Extracted records:
•••••

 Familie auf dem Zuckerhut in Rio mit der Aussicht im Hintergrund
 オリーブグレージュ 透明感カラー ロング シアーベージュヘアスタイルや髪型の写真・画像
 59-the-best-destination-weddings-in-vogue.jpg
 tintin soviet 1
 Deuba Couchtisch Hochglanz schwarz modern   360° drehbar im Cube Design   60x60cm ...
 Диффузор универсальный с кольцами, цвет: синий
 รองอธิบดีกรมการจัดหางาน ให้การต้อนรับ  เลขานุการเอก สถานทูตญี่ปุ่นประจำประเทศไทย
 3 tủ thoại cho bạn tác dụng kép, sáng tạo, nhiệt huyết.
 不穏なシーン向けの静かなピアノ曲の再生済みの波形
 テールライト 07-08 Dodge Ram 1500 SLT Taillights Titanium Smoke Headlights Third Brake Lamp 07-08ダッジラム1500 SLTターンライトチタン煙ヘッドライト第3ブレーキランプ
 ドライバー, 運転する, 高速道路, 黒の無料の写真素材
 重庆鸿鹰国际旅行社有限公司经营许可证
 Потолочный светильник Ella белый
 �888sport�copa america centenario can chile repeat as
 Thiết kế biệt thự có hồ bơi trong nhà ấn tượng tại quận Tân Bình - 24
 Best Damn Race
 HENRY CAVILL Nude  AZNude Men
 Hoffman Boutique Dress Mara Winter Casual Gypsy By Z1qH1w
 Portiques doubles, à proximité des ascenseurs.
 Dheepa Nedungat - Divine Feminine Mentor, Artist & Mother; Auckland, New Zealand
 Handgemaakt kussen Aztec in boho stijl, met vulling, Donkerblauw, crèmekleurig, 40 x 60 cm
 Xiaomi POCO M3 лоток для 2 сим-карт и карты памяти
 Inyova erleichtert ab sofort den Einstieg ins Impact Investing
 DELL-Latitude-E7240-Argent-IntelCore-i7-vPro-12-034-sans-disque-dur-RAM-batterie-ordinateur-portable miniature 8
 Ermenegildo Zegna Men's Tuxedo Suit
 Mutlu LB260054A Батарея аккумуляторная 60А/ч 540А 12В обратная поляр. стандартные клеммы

•••••

Reply by returning the full set of records above exactly.

 Familie auf dem Zuckerhut in Rio mit der Aussicht im Hintergrund
 オリーブグレージュ 透明感カラー ロング シアーベージュヘアスタイルや髪型の写真・画像
 59-the-best-destination-weddings-in-vogue.jpg
 tintin soviet 1
 Deuba Couchtisch Hochglanz schwarz modern   360° drehbar im Cube Design   60x60cm ...
 Диффузор универсальный с кольцами, цвет: синий
 รองอธิบดีกรมการจัดหางาน ให้การต้อนรับ  เลขานุการเอก สถานทูตญี่ปุ่นประจำประเทศไทย
 3 tủ thoại cho bạn tác dụng kép, sáng tạo, nhiệt huyết.
 不穏なシーン向けの静かなピアノ曲の再生済みの波形
 テールライト 07-08 Dodge Ram 1500 SLT Taillights Titanium Smoke Headlights Third Brake Lamp 07-08ダッジラム1500 SLTターンライトチタン煙ヘッドライト第3ブレーキランプ
 ドライバー, 運転する, 高速道路, 黒の無料の写真素材
 重庆鸿鹰国际旅行社有限公司经营许可证
 Потолочный светильник Ella белый
 �888sport�copa america centenario can chile repeat as
 Thiết kế biệt thự có hồ bơi trong nhà ấn tượng tại quận Tân Bình - 24
 Best Damn Race
 HENRY CAVILL Nude  AZNude Men
 Hoffman Boutique Dress Mara Winter Casual Gypsy By Z1qH1w
 Portiques doubles, à proximité des ascenseurs.
 Dheepa Nedungat - Divine Feminine Mentor, Artist & Mother; Auckland, New Zealand
 Handgemaakt kussen Aztec in boho stijl, met vulling, Donkerblauw, crèmekleurig, 40 x 60 cm
 Xiaomi POCO M3 лоток для 2 сим-карт и карты памяти
 Inyova erleichtert ab sofort den Einstieg ins Impact Investing
 DELL-Latitude-E7240-Argent-IntelCore-i7-vPro-12-034-sans-disque-dur-RAM-batterie-ordinateur-portable miniature 8
 Ermenegildo Zegna Men's Tuxedo Suit
 Mutlu LB260054A Батарея аккумуляторная 60А/ч 540А 12В обратная поляр. стандартные клеммы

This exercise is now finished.